The reply should contain all the data below, repeated exactly, and none of the images.

== Exercise data ==
........
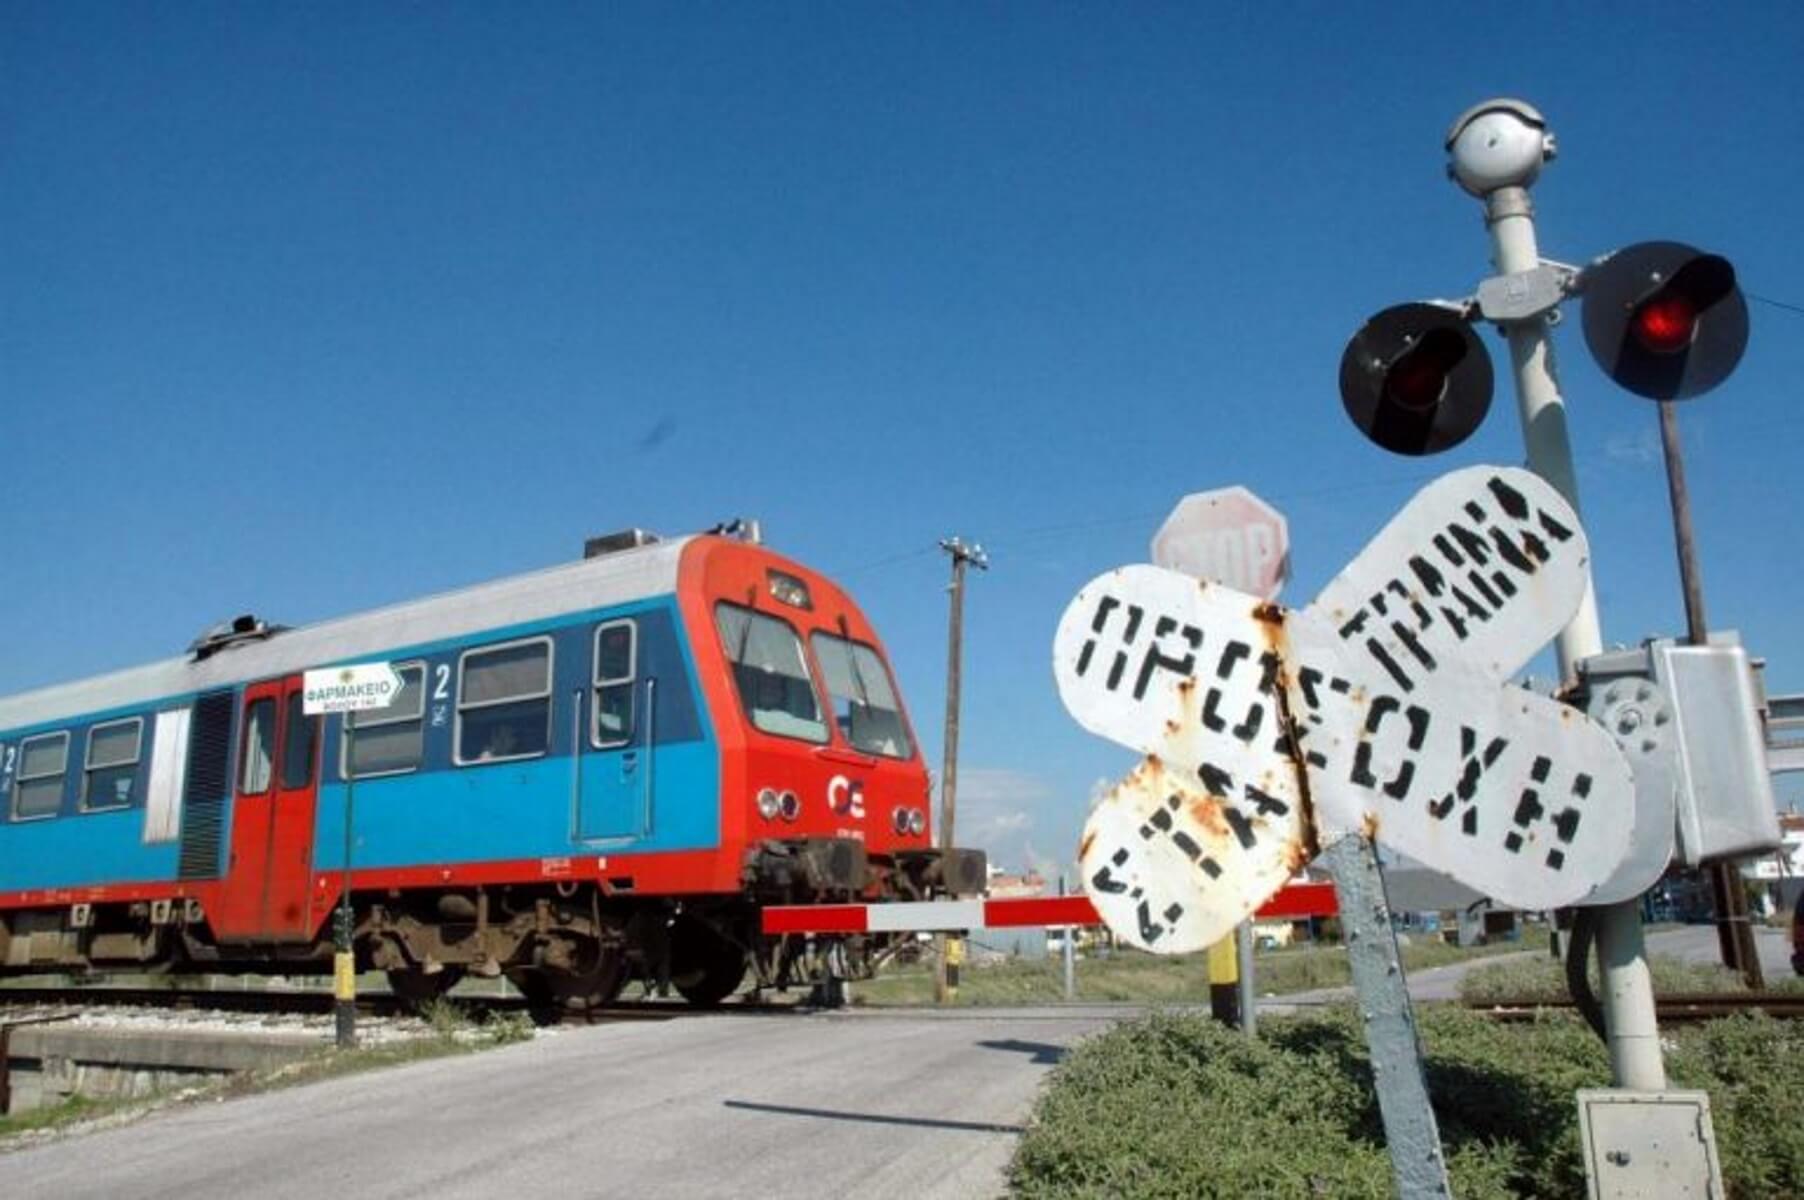 Θεσσαλονίκη: Η γυναίκα έπεσε από τη μηχανή πριν αυτή “σκάσει” πάνω στο τρένο!
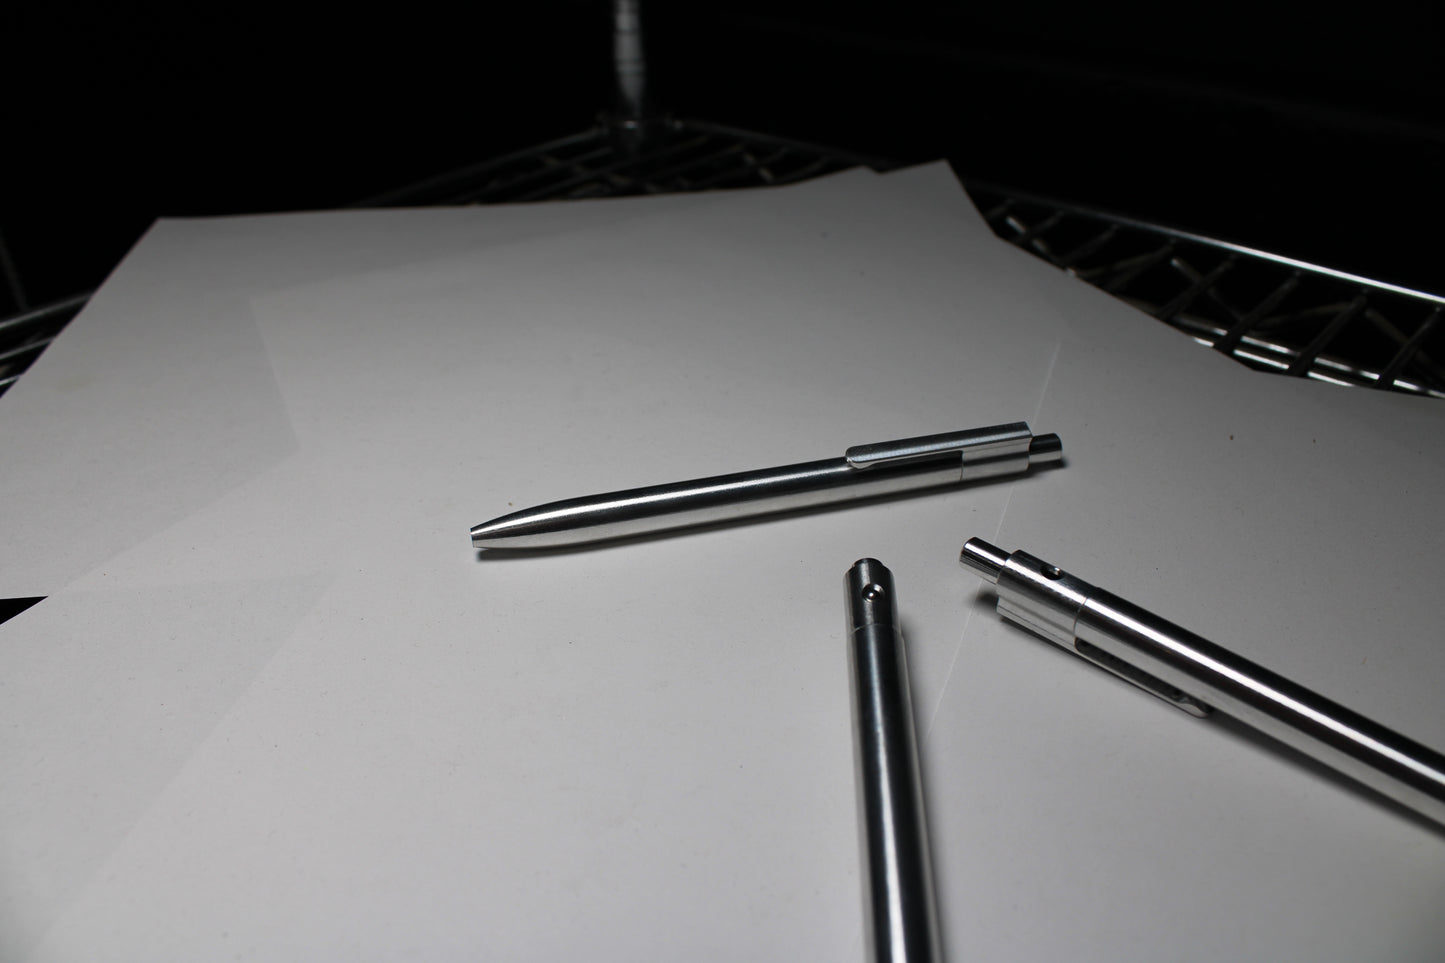 36 Click Pen -  6061 Aluminum - Round Nose - Schmidt 9000 M ISO G2 (Parker)
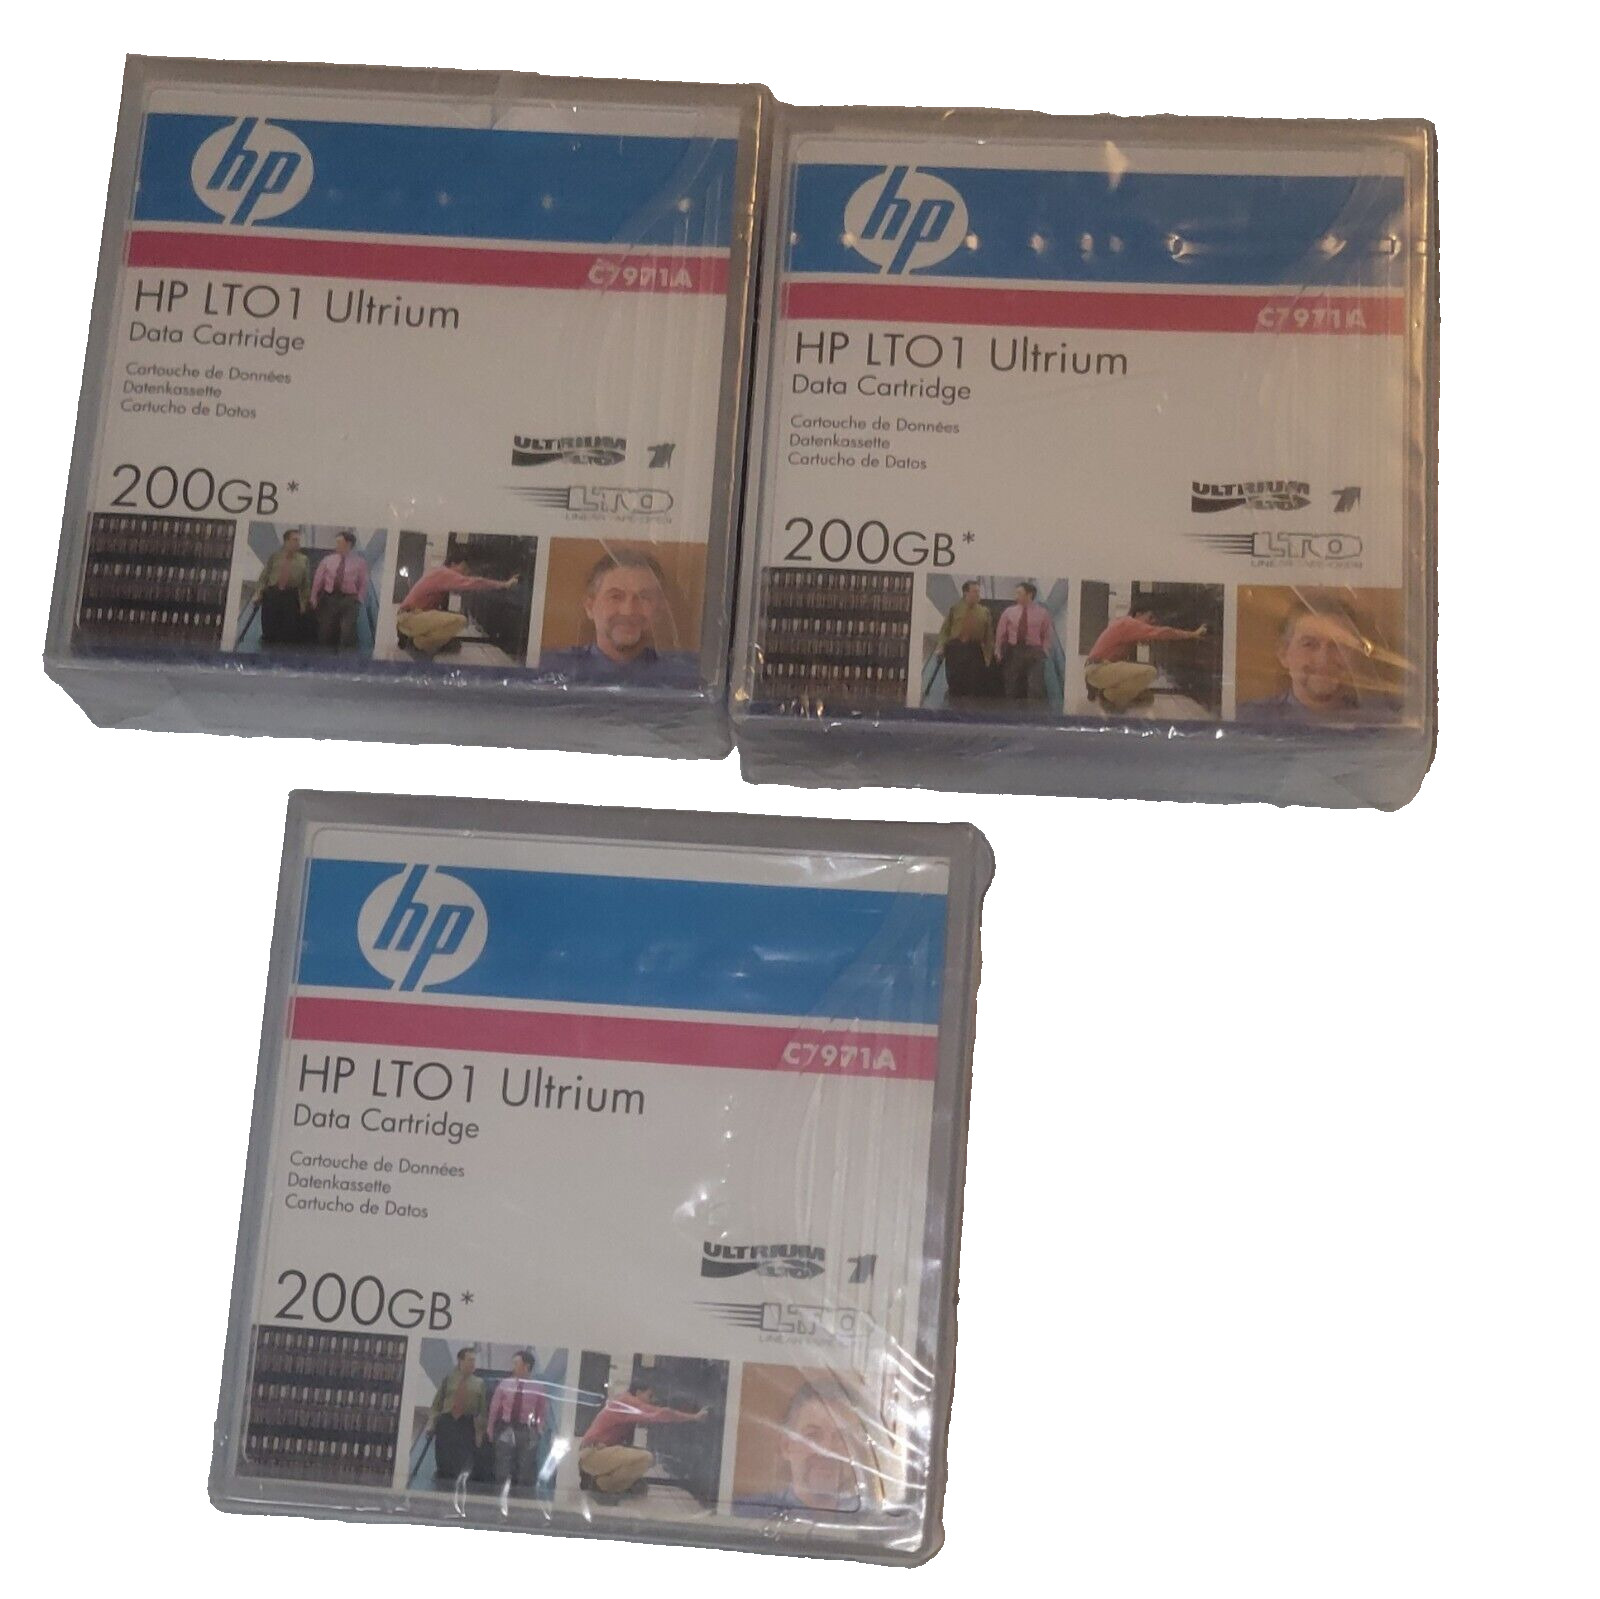 3x HP LTO-1 LTO1 Ultrium 200GB Tape Data Cartridge C7971A NEW Sealed
........
== Exercise solution ==
 Θεσσαλονίκη: Η γυναίκα έπεσε από τη μηχανή πριν αυτή “σκάσει” πάνω στο τρένο!
 36 Click Pen -  6061 Aluminum - Round Nose - Schmidt 9000 M ISO G2 (Parker)
 3x HP LTO-1 LTO1 Ultrium 200GB Tape Data Cartridge C7971A NEW Sealed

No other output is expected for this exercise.